= Motor carrier safety rating =

US interstate commercial motor carrier evaluation

The motor carrier safety rating is an evaluation given to an interstate commercial motor carrier (a company which employs truck or bus drivers) by the Federal Motor Carrier Safety Administration (FMCSA).

A safety rating is determined by a compliance review, an on-site examination of motor carrier operations, such as drivers' hours of service, maintenance and inspection, driver qualification, commercial drivers' license requirements, financial responsibility, accidents, hazardous materials, and other safety and transportation records to determine whether a motor carrier meets the safety fitness standard. A compliance review may be conducted in response to a request to change a safety rating, to investigate potential violations of safety regulations by motor carriers, or to investigate complaints, or other evidence of safety violations. The compliance review may result in the initiation of an enforcement action.

One of three safety ratings will be issued following a compliance review:

Satisfactory - A Satisfactory rating means that a motor carrier has in place and functioning adequate safety management controls to meet the safety fitness standard prescribed in §385.5 of the Federal Motor Carrier Safety Regulations (FMCSR). Safety management controls are adequate if they are appropriate for the size and type of operation of the particular motor carrier.

Conditional - This rating means a motor carrier does not have adequate safety management controls in place to ensure compliance with the safety fitness standard found in §385.5 of the FMCSR.

Unsatisfactory - An Unsatisfactory rating means a motor carrier does not have adequate safety management controls in place to ensure compliance with the safety fitness standard which has resulted in occurrences listed in §385.5 (a) through (k)of the FMCSR.

Generally, a motor carrier rated unsatisfactory is prohibited from operating a CMV. If a proposed unsatisfactory safety rating becomes final, the FMCSA will issue an order placing its interstate operations out of service. Any motor carrier that operates CMVs in violation of this section will be subject to the penalty provisions listed in 49 U.S.C. 521(b).

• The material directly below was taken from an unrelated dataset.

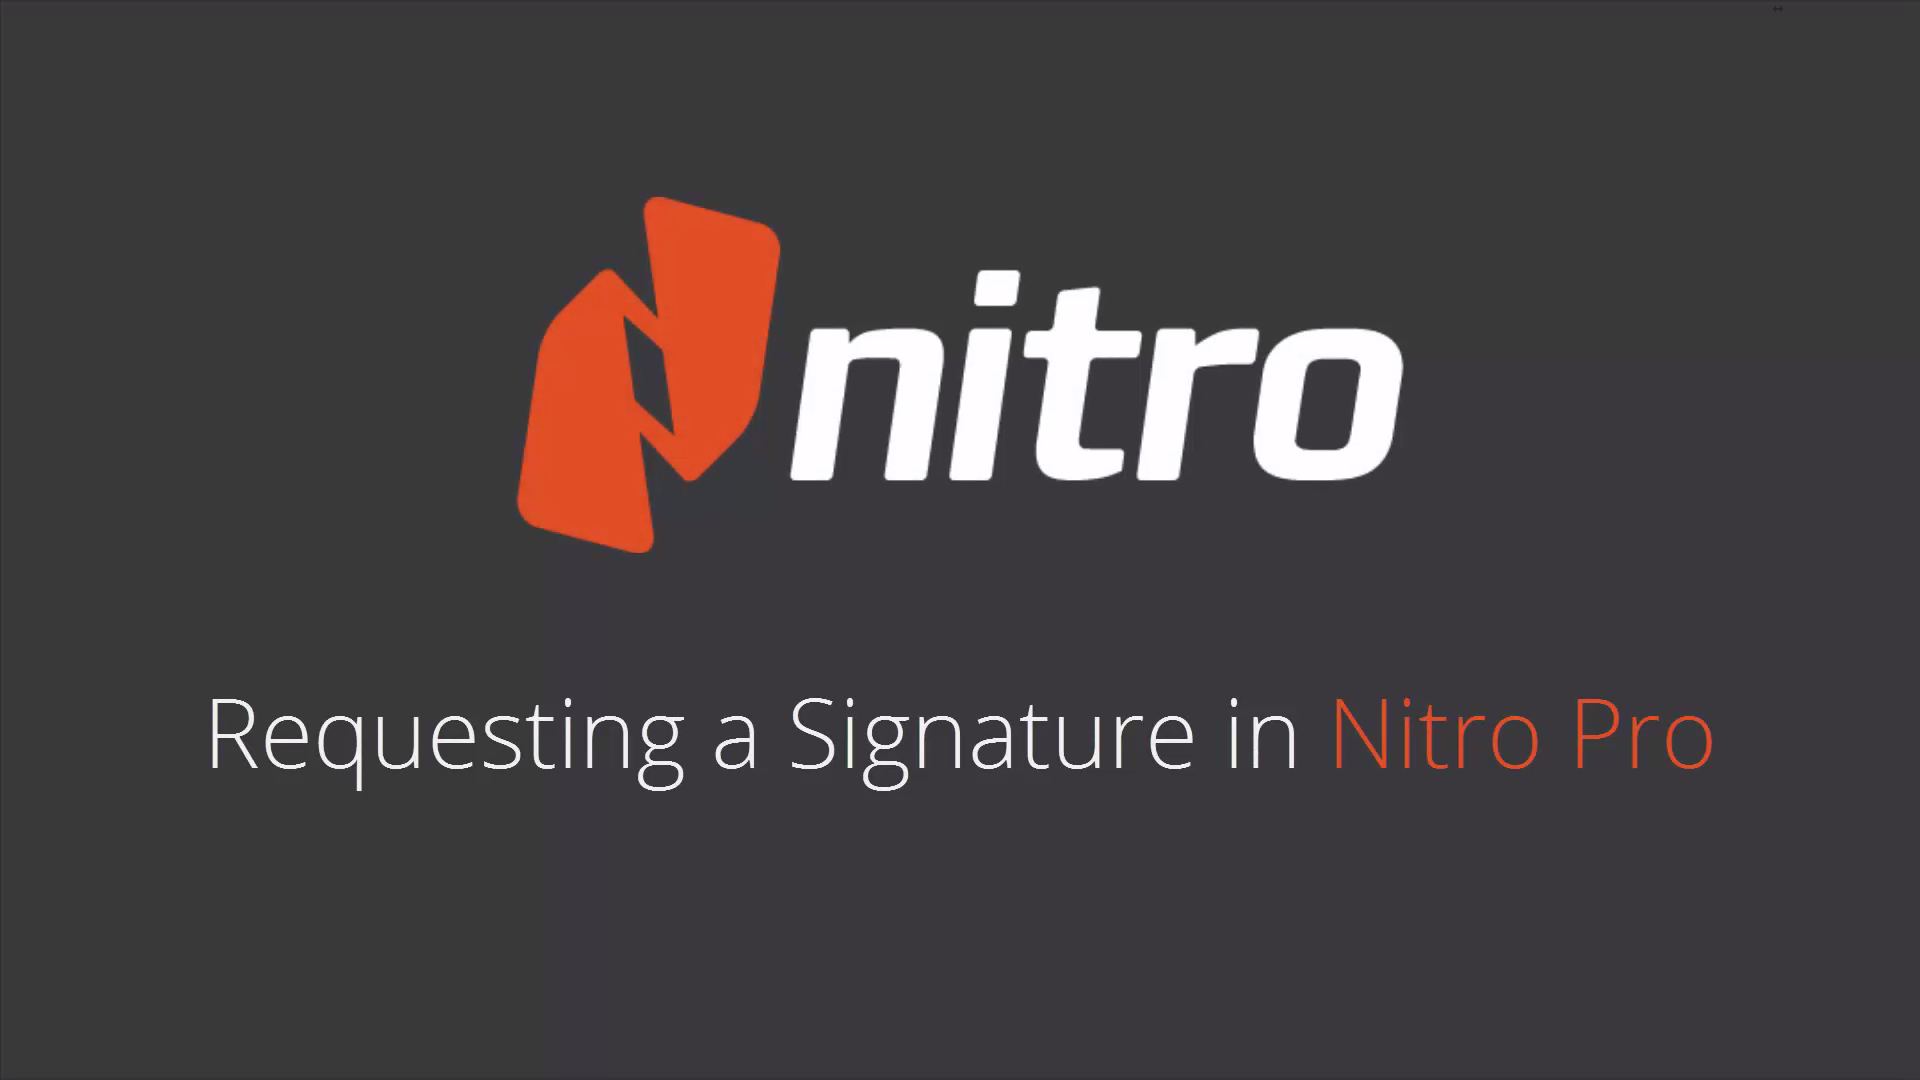 About Nitro

What you can do: - All companies have a window after an audit where they can appeal the decision by proving they made an effort to improve their situation. This can include doing an entire company overhaul, replacing management, or hiring a reputable consultant to be on retainer for future incidents.

==Records requests==

A carrier's current safety rating can be found on safer.fmcsa.dot.gov. The Safety and Fitness Electronic Records (SAFER) System offers company safety data to industry and the public over the internet. Data from the SAFER website is pulled from the Motor Carrier Management Information System, a database administered by the FMCSA.

MCMIS contains information on the safety fitness of commercial motor carriers and hazardous material (HM) shippers subject to the Federal Motor Carrier Safety Regulations and the Hazardous Materials Regulations.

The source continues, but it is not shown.